While the majority of these individuals performed EVAs from Earth-orbiting space stations like ISS and its predecessors or in connection with dozens of missions with the American Space Shuttle, a tiny minority performed them far from the Earth. The most memorable of these were EVAs of a dozen NASA astronauts on the lunar surface as part of the historic Apollo lunar landing missions between 1969 and 1972. Not as well known were EVAs which took place in deep space during the last three Apollo lunar flights as the crews were returning to the Earth. Instead of the Earth filling half the sky as it does during EVAs in orbit, our home world appeared as a distant crescent during these historic spacewalks. With the prospects of EVAs being performed in deep space as part of new missions to the Moon and beyond, it is worth reviewing the Apollo deep space EVAs.

 

The Apollo J-Series Missions

With the first four Apollo lunar landing missions eventually pushing the baseline spacecraft design to its practical limits, upgraded hardware was required to further the scientific exploration of the Moon. These upgrades were introduced with J-series missions starting with the flight of Apollo 15 in 1971. Both the Lunar Module (LM) and Command-Service Module (CSM) were upgraded to include more consumables to support longer stays on the lunar surface and in orbit as well as an array of additional equipment to aid in lunar studies. These upgrades increased the launch mass of the Apollo spacecraft by 2.4 metric tons necessitating changes to the Saturn V launch vehicle to improve its performance as well. One of the more memorable pieces of additional equipment carried by the J-series LM was the battery-powered Lunar Roving Vehicle (LRV) which allowed the pair of visiting astronauts to travel many kilometers across the lunar surface to explore far from the LM during visits which were now to last three days – twice the length of earlier Apollo landing missions.

Probably the best known addition of the J-series Apollo missions was the Lunar Roving Vehicle (LRV). (KSC/NASA)

While changes to the LM in support of surface exploration received a lot of attention, changes were also made to the CSM in order to meet a significantly expanded set of science objectives from lunar orbit.

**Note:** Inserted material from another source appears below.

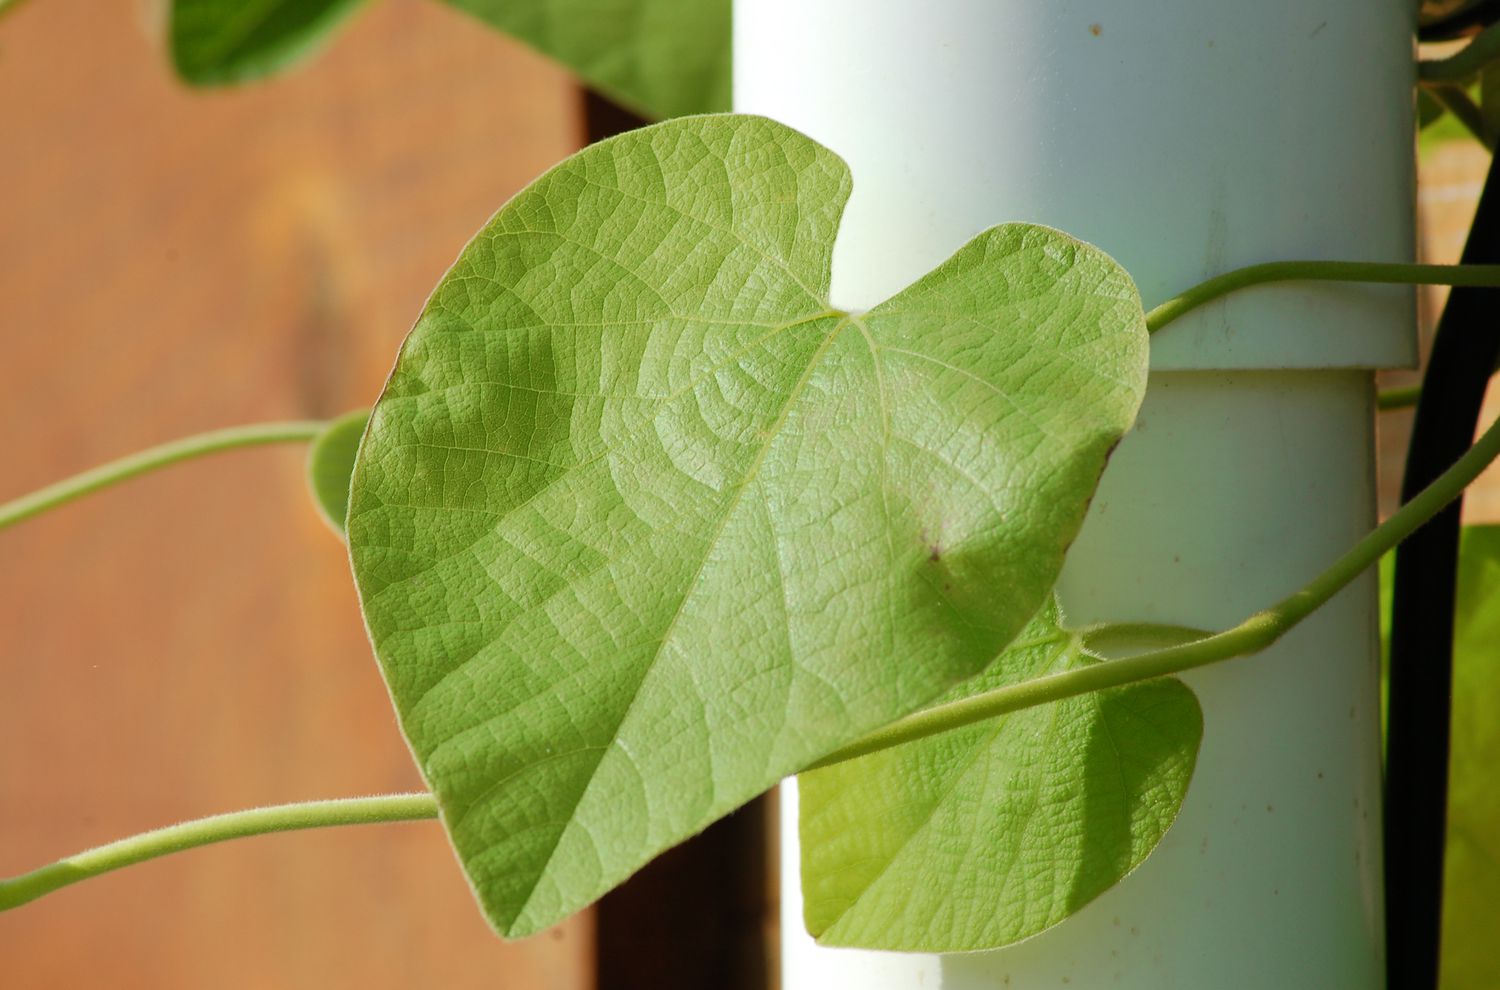 Dutchman's pipe closeup showing heart-shaped leaves.

Sector I of the Apollo SM immediately behind the CM crew hatch, whose 8.5 cubic meter volume had been empty on earlier missions save for ballast and (after the Apollo 13 accident) a spare cryogenic oxygen tank, would now house the Scientific Instrument Module (SIM). The SIM consisted of a suite of instruments to study large swaths of the Moon from orbit. The first two J-series missions also carried the 36-kilogram Apollo Particles and Fields Subsatellite (PFS) which would be deployed from the SIM into lunar orbit to continue studying the lunar environment after the astronauts had departed for home (see “Vintage Micro: The Apollo Particles and Fields Subsatellites”).

This diagram shows the configuration of equipment in the Scientific Instrument Module (SIM) in the SM of the Apollo 15 and 16 missions. Click on image to enlarge. (NASA)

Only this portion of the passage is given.